• _Records supplied_
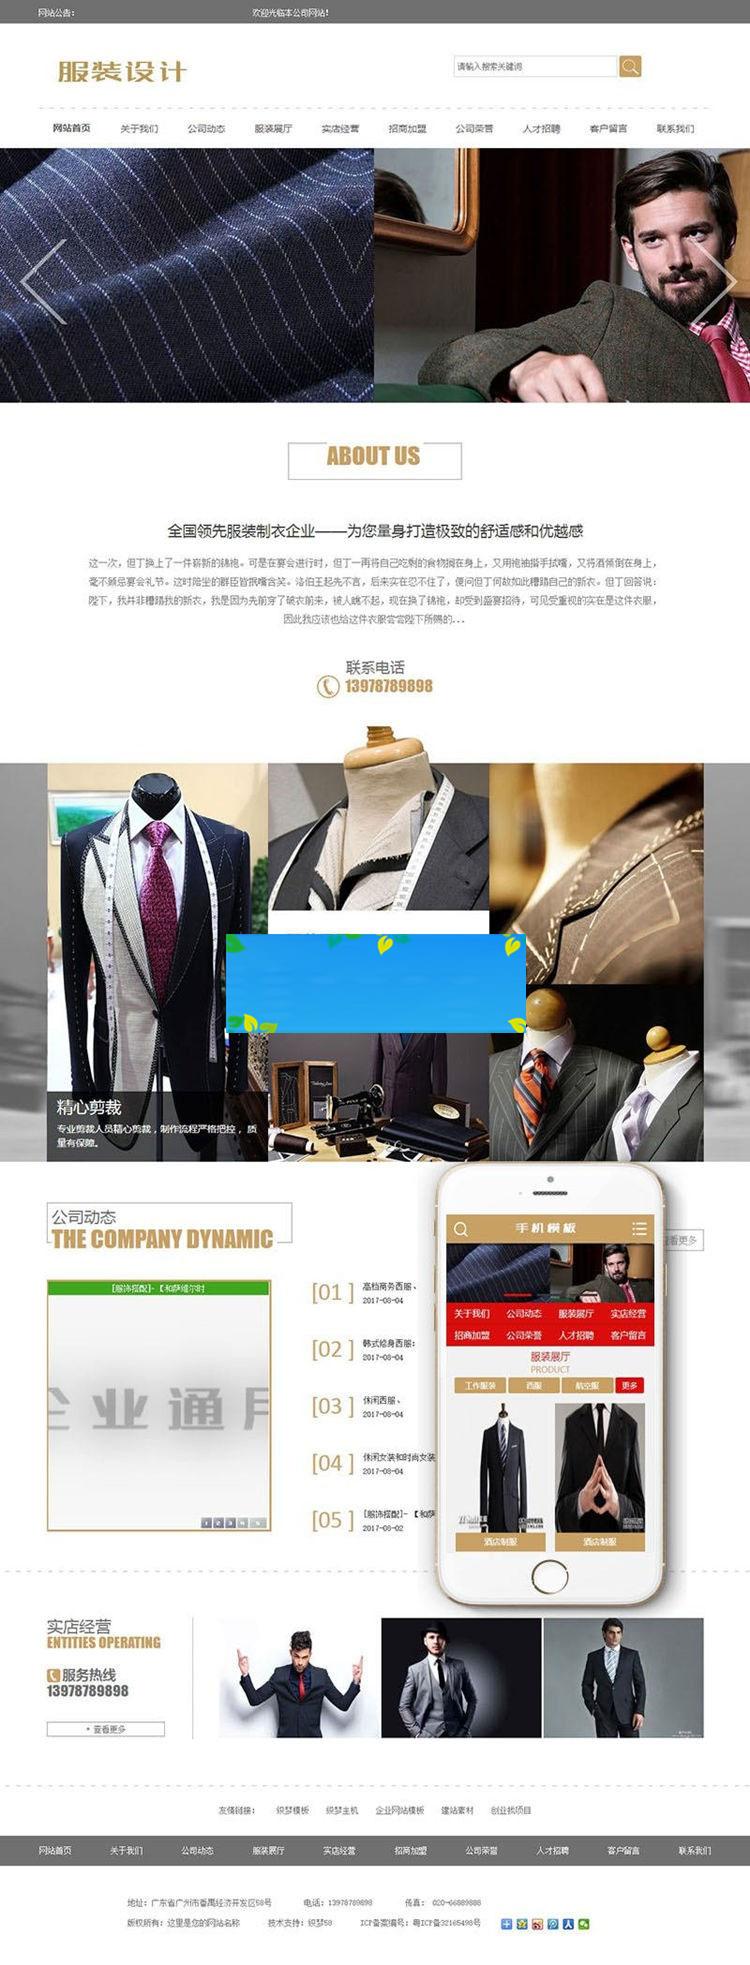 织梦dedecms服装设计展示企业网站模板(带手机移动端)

* * *

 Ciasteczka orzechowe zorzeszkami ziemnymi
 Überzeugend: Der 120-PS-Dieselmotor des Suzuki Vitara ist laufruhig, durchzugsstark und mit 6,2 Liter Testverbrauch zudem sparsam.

--

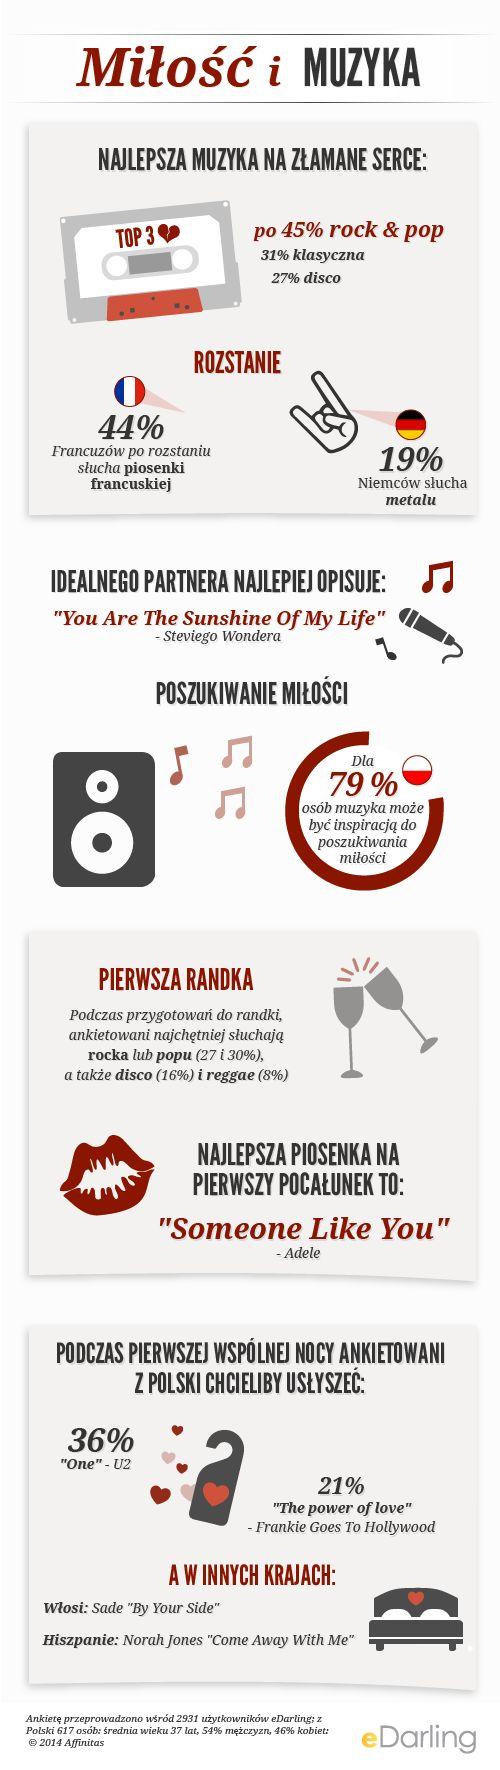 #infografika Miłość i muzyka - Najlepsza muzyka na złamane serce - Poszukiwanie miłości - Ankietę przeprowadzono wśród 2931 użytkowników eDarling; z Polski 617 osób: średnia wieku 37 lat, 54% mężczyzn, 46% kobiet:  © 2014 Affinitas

• _What you need to do_
Among the entries above, copy exactly only the lines starting with the one containing "Ciasteczka orzechowe zorzeszkami ziemnymi" and going through the one containing "Überzeugend: Der 120-PS-Dieselmotor", both ends included.

• _Written response_
 Ciasteczka orzechowe zorzeszkami ziemnymi
 Überzeugend: Der 120-PS-Dieselmotor des Suzuki Vitara ist laufruhig, durchzugsstark und mit 6,2 Liter Testverbrauch zudem sparsam.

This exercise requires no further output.